Fatores favorecedores: Histaminase e IgE
  • Idade: 30 e 50 anos.
  • Sexo feminino  – Bloqueador neuromuscular (alvejantes e cosméticos )
  • Ansiedade
  • Atopia ( asma infantil e rinite )
  • Alergia alimentar e medicamentosa.
  • Anestesias gerais repetidas.
  • ‘’Extrofia de bexiga e espinha bífida ‘’
  • Beta-bloqueadores e  bloqueadores h2
  • Tabaco ( hiper-reatividade brônquica)
  • Gravidez (Placenta é rica em  histaminases e IgE não atravessa placenta( feto sofre consequências das desordens hemodinâmicas e hipóxicas materna ) **Obs: IgG passa a placenta (reações as dextranas)
  • Prolapso de valva mitral – arritmias

 

 

MECANISMOS

Origem imunológica :

  • IgE (anafiláticas )
  • IgG e IgM  – ativando a via clássica do complemento ( anafilactóides )

 

Origem não imunológica:

  • Ativação da via alternativa do complemento
  • Histaminoliberação direta

 

**Obs: Não distinguíveis pelo quadro clínico

 

 

QUADRO CLÍNICO

Início em segundos ou até 30 minutos ou mais em contato por outras vias (látex 40 a 120 minutos )

 

**Obs: edema visível ( > 1mm) -generalizado em mucosas; subcutâneo e mucosas indica  perda de 1,5L pro extravascular e pode levar à queda brusca de pressão arterial (choque)

 

Substância Relativamente Seguras:

  • Etomidato, midalozam e cetamina
  • Opióides, exceto morfina e meperidina
  • Anestésicos locais amida – incidência rara ( conservantes ou antioxidantes geralmente)
  • Neurolépticos: inibem h-N-metil-transferase
  • O propofol normalmente não causa liberação histamínica, mas reações anafilactóides foram relatadas em pacientes com múltiplas alergias medicamentosas.

 

Antibióticos :

  • Penicilinas: Reações anafiláticas – 0,4 a 1,5: 10.000 exposições; Mortalidade – 0,4 a 1,5:1.1000.000;
  • Cefalosporinas : reação cruzada a penicilina em 20%
  • Sulfonamidas : reações anafilátivas graves
  • Vancomicina: Depressão miocárica direta e também pode haver histaminoliberação

 

Contrastes Radiológicos :

  • Incidência 5 a 8% quando administrados por via endovenosa.
  • Baixa incidência quando utilizados na via biliar.
  • Mortalidade: 2 a 6: 10.000

 

Alergia à Derivados de látex :

  • Incidência: 2,9 a 17%
  • Mediada por IgE – anafiláticas
  • Contato: cutâneo, mucoso ou inalatório
  • Clínica:  Alteração hemodinâmica e ou respiratória sem explicação
  • Fatores de risco: Profissionais da saúde, pessoas com múltiplas sondagens ou cirurgias repetidas.
  • 69% são atópicos e reação cruzada a frutas

 

 

TRATAMENTO

Profilaxia :

  • Paciente sem tratamento :  Difenidramina 50mg – 1h + Prednisona 50mg  8/8h
  • Com tratamento : acréscimo de efedrina 25mg VO 1h antes ou cimetidina 300mg VO 1h antes

Anti-H1:  Desloca a curva dose-resposta à histamina ( Difenidramina 50mg- 16/24h antes do procedimento )

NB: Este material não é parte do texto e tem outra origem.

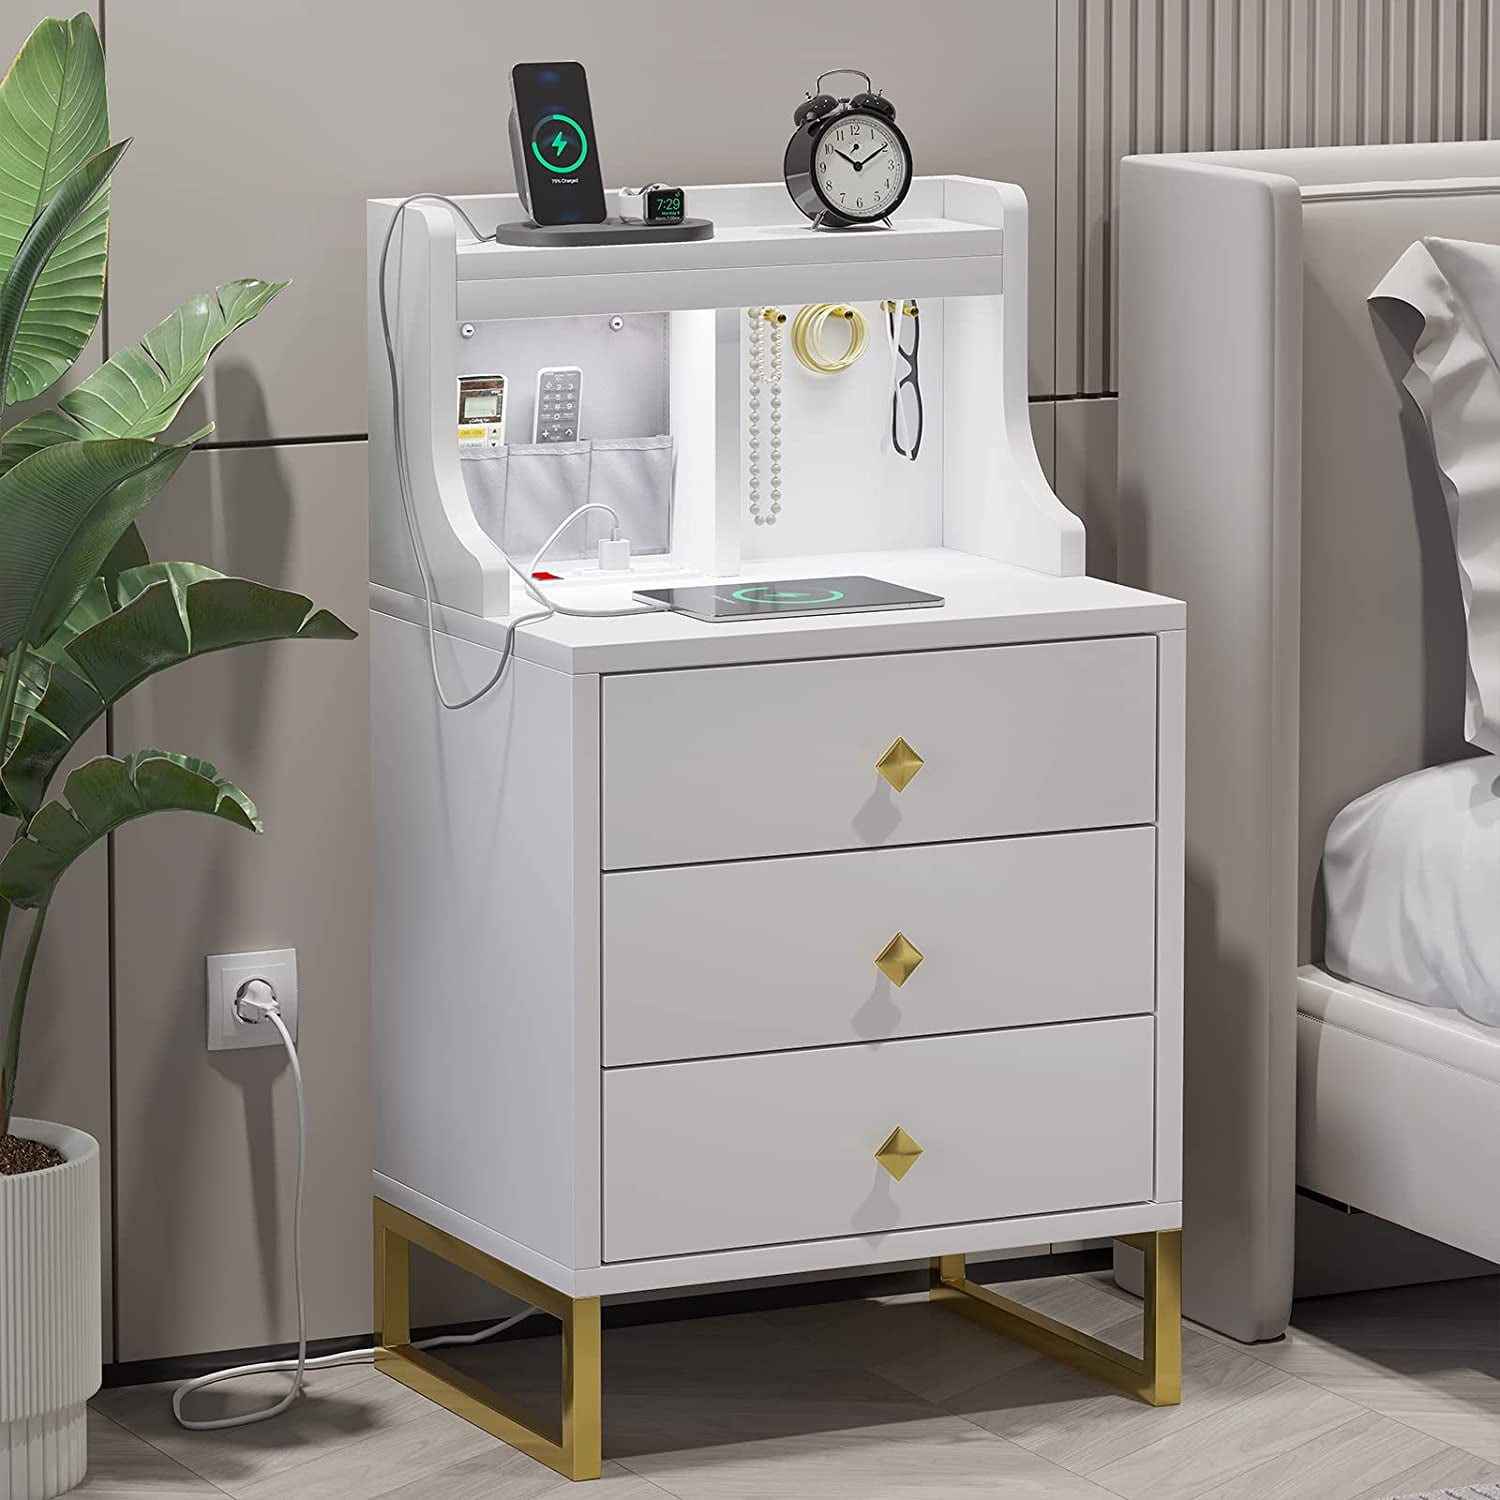 PINNKL Nightstand with Drawer Smart Bedside Table With USB Port, LED Light  Smart Nightstand, Home Bedroom Furniture, Bedside Table with Drawers (Size

Corticóides devem ser iniciados pelo menos 24h antes do procedimento

Tratamento Primário :

  • Suspensão imediata  da administração dos fármacos
  • Permeabilidade das vias aéreas : Fornecer 02 a 100%
  • Expansão Volêmica: 1 a 4L de cristalóides ( 10/15 min)
  • Posicionamento: Céfalo- declive ( trendelemburg)+ MMii elevados
  • Adrenalina : 0,2 a 0,5mg EV + bolus de 0,1 a 0,2 até  obtenção do efeito desejado
  • Salbutamol( spray)
  • Aminofilina: 5mg/kg
  • Lidocaína com adrenalina – na sonda de intubação

 

Tratamento secundário :

  • Corticóides: 500mg a 1g de metilprednisolona ou 500mg a 1g de hidrocortisona
  • Bicarbonato de sódio: Apenas em colapso persistente ou acidose metabólica
  • Dopamina, Noradrenalina, dobutamina, isoproterelol ( conforme indicação )
  • Controle: Durante 12h pelo menos

Reconhecer a ocorrência de uma reação anafilática em um paciente sedado é tarefa muitas vezes caracterizada como difícil e a sua suspeita sempre deve ser acompanhada de tratamento agressivo. Reposição volêmica vigorosa associada ao uso de epinefrina são os pilares do tratamento e essas medidas não devem ser postergadas. Apesar de raras, essas reações apresentam um alto índice de complicações. Assim, médicos endoscopistas devem estar preparados para instituir as condutas  iniciais e estabilizar o paciente até a chegada de ajuda no caso de anafilaxia.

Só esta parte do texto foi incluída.